First we check the numbers and run generator, when generator finish we run queue reader:

ice@center:/usr/src/Demo$ ./bash_load_generator.sh
All commands started waiting for finish
DONE
ice@center:/usr/src/Demo$ ./Queue_read_test # Stop with CTRL+C
^CFinished with 10000 queue items read: ice@center:/usr/src/Demo$

Then we run first queue reader and then we run generator in 2nd screen, after all finished and queue file is gone we stop queue reader (this is the real life scenatio):

ice@center:/usr/src/Demo$ ./Queue_read_test # Run in screen 1
ice@center:/usr/src/Demo$ ./bash_load_generator.sh # Run in screen 2
All commands started waiting for finish
DONE
ice@center:/usr/src/Demo$ ls -ltra /tmp/ | grep queue # Check all was processed (no file should be found) in screen 2
ice@center:/usr/src/Demo$
ice@center:/usr/src/Demo$ # return to screen 1 and CTRL+C
^CFinished with 9905 queue items read: ice@center:/usr/src/Demo$

And we see that 95 commands is lost.

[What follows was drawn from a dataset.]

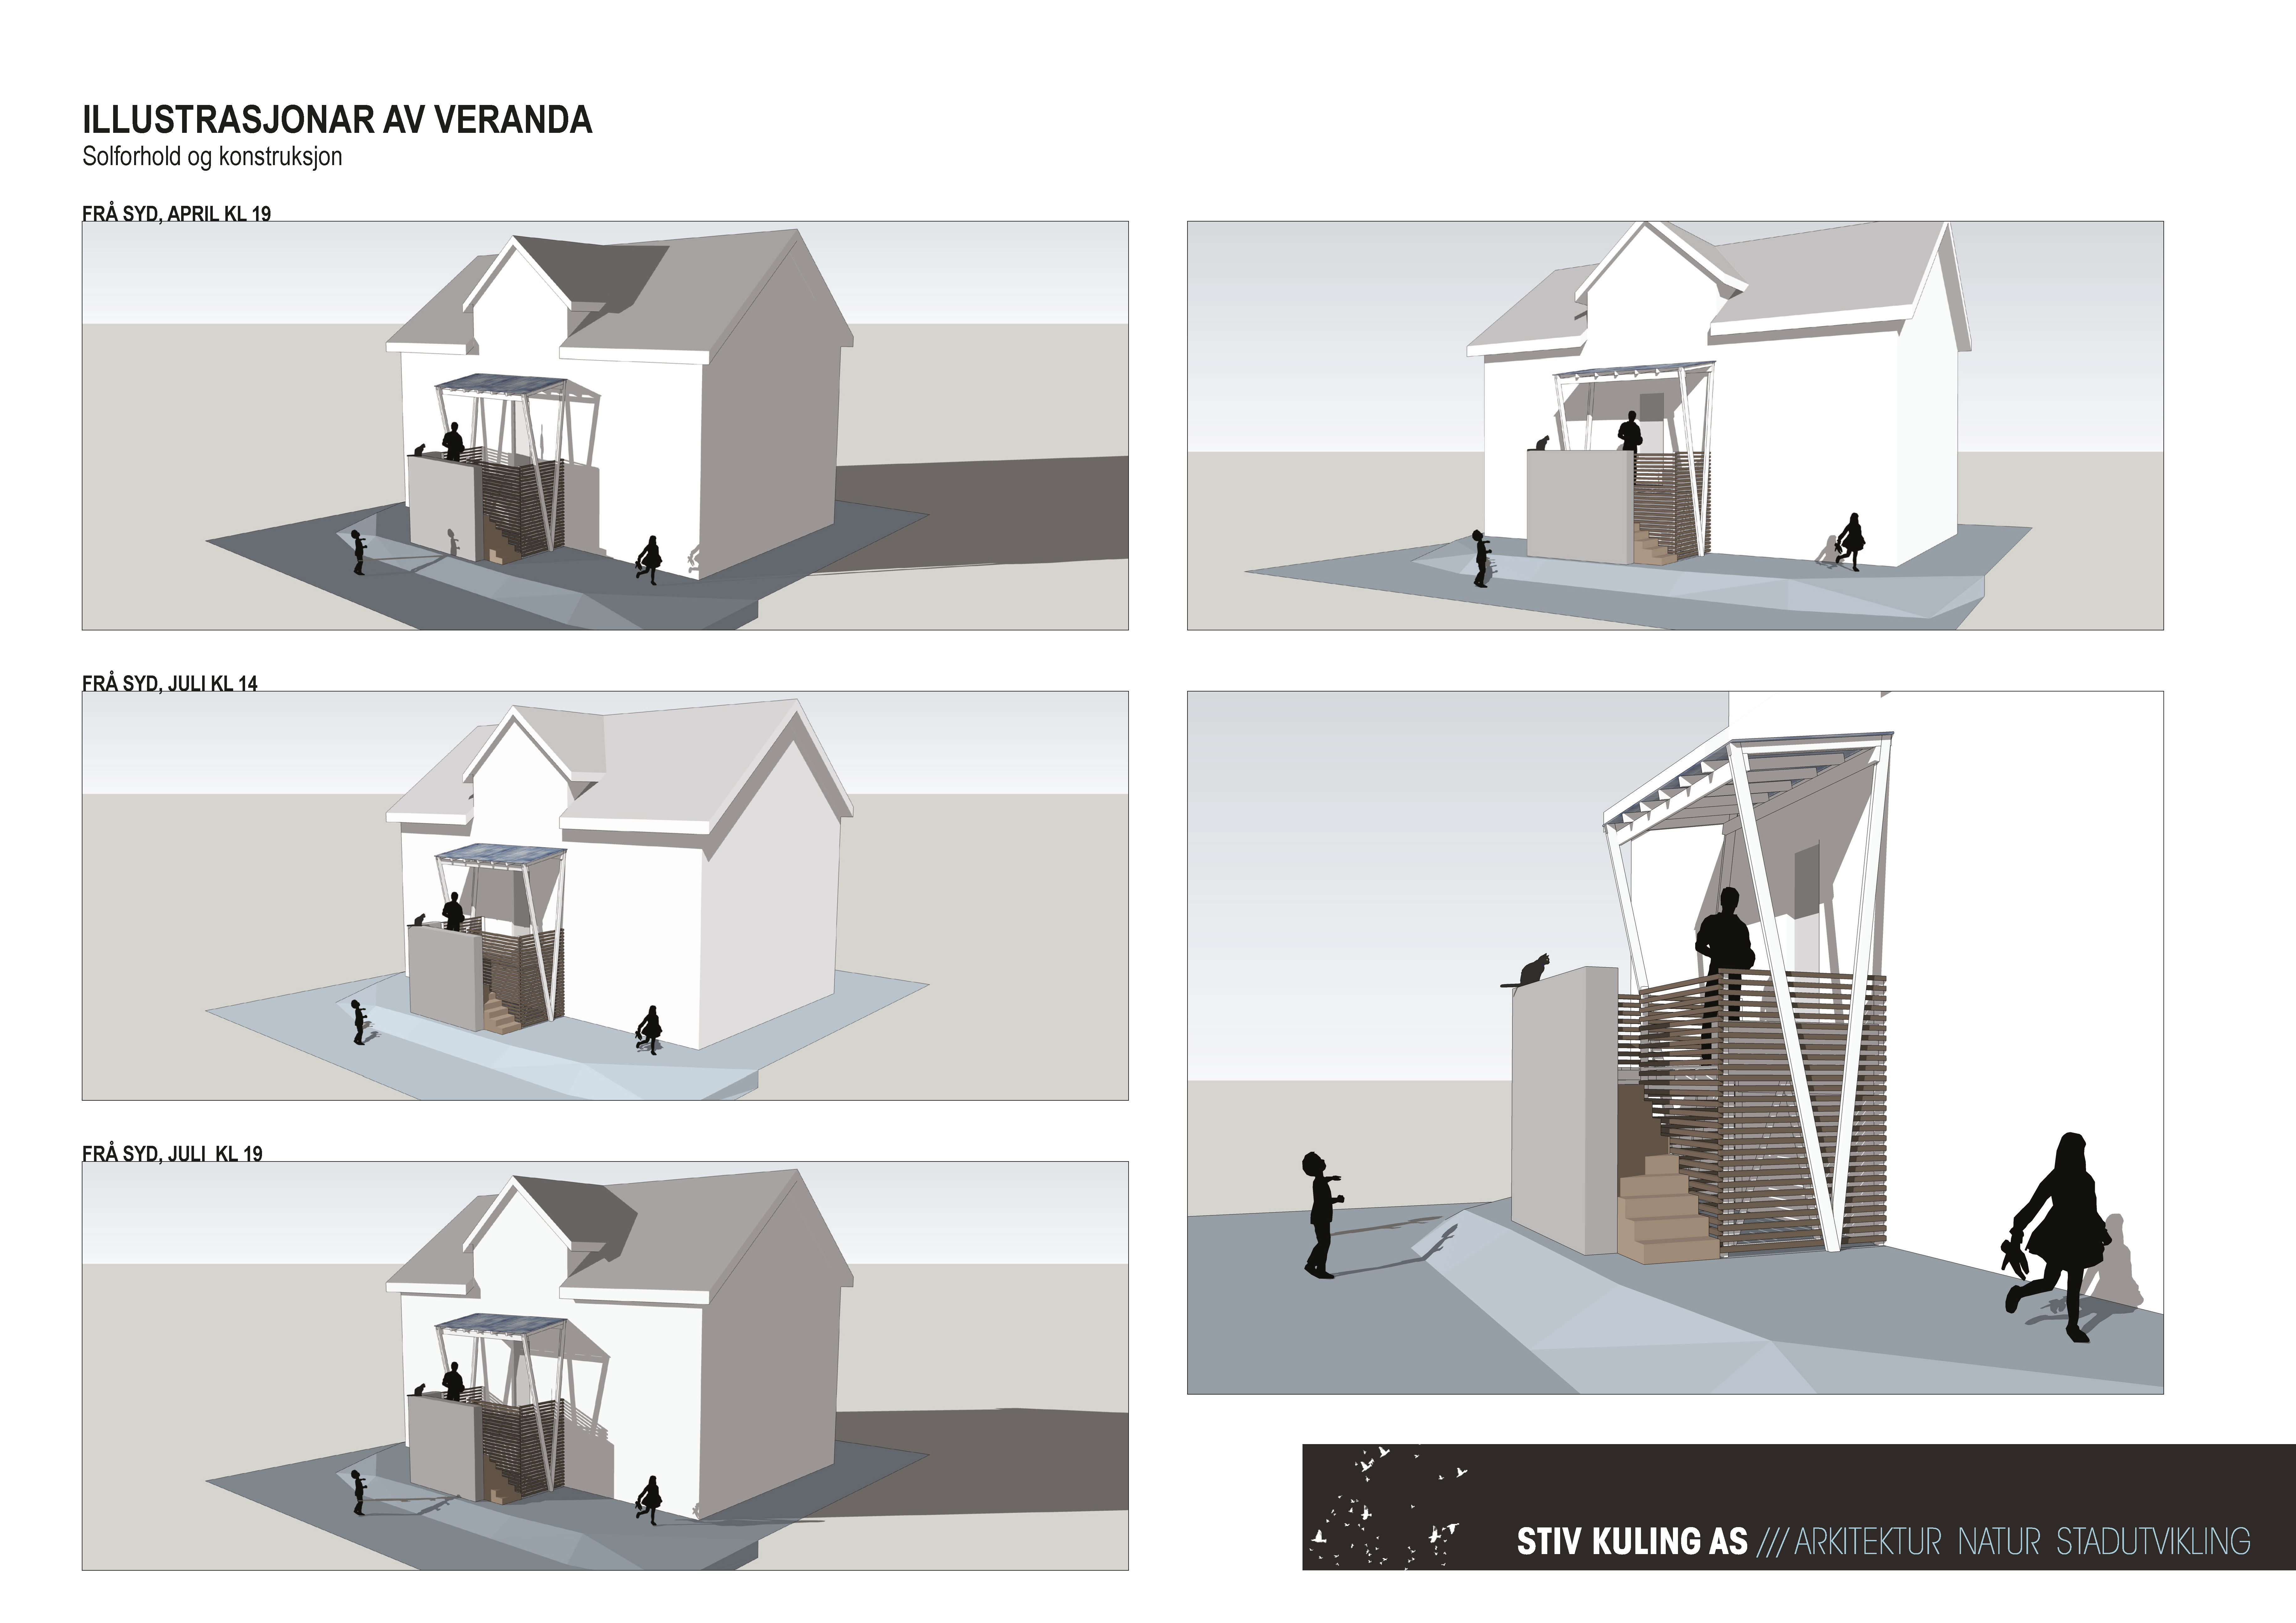 3D-illustrasjoner av ny veranda

This is to illustrate the problem described, my question is now maybe thanks to your comments more precise: What can I as author of queue reader do to prevent loss of commands? (without possibility to modify queue writers) Can I check if there are open file descriptors (guess not as I'm not root).

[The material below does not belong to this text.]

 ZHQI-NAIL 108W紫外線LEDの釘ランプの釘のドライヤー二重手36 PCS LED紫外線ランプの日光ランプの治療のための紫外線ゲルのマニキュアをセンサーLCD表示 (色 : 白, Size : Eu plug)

  • Using a file lock would probably be easiest - unless you have some constraints that prevent you from using file locks ? Refer eg. [Locking files in linux with c/c++](https://stackoverflow.com/questions/2057784/locking-files-in-linux-with-c-c) – Sander De Dycker Mar 25 '20 at 12:45
  • _My Assumption:_ Why assume anything, its never a good idea. Knowing the prototype of [fopen](https://www.tutorialspoint.com/c_standard_library/c_function_fopen.htm) should prompt you to test its output before using it. i.e. `if(queue_file){ while(...){...}, fclose (queue_file); }` It would be good if your post included a [mcve] – ryyker Mar 25 '20 at 12:54
  • 1
    ...also, [using feof to control a loop is not a good idea](https://faq.cprogramming.com/cgi-bin/smartfaq.cgi?answer=1046476070&id=1043284351) – ryyker Mar 25 '20 at 12:58
  • @ryyker : fwiw the op's assumption was my guess as well. It's very likely that that's indeed what's going on. If so, checking for errors won't help, since there won't be any (all calls will succeed just fine - they just happen to be racing since there's no inter-process synchronization). – Sander De Dycker Mar 25 '20 at 13:05
  • A filename is just a property of the file in the directory entry. It has nothing to do with file descriptors. A file could be renamed while open; however, the OS may prevent it because the file is in use. – Paul Ogilvie Mar 25 '20 at 13:06
  • 1
    @SanderDeDycker - No argument with that. Removing other weak spots in the code shown though will help to isolate any remaining issues. Using feof as a loop control, without having checked to see that the file was open are two absolutes shown. that can be easily removed. – ryyker Mar 25 '20 at 13:12
  • Posted significant update with demo what is the problem (on my PC demo shows 95 commands lost from 10000) – Peter Novotny Mar 25 '20 at 14:23
  • You say you can't modify the writers, but are they at least using atomic writes when adding their commands to the "queue" ? Ie. there's no possibility of interleaved or partial commands ? If that's not the case, you can't achieve your goal. Secondly : commands appear to be split by newlines, so you can "tail" the file (without renaming it), and process commands line by line as you encounter newline characters. Obviously the file would then grow boundlessly, so some form of file rotation is still needed. Specify an upper bound to how long you keep waiting for new commands in old files. – Sander De Dycker Mar 25 '20 at 15:31
  • Oh, and "atomic writes" in my previous comment doesn't just imply a single `write` system call per command, but a re-open of the file (in append mode) for every write. – Sander De Dycker Mar 25 '20 at 15:34

1 Answers1

1

The overall issue really has less to do with the code shown, and more to do with architectural issues not covered sufficiently in the specific problems you have identified. Until the entire environment in which you are force to work is understood and addressed, the problems will persist. And although fixing the issues you cite will add improvement, they will not be sufficient to address these overlying problems.
In addressing the lower, code level problems you cite, the issues include the multiple processes you mentioned, accessing a non-re-entrant function. The function shown by itself has its own set of issues, but the one contributing to the main problem is that it is not thread safe. It needs to be protected externally either by thread safe queues or tokens , or internally by making it reentrant, thus ensuring a thread safe design. Plainly stated, without addressing the multi-threaded environment this function is working in, you are left with attempting to read from, and write to a single file simultaneously. This is a dangerous design.
Beyond this, and assuming your code will be modified to protect it in a thread safe environment, consider also two additional points that will improve the function shown.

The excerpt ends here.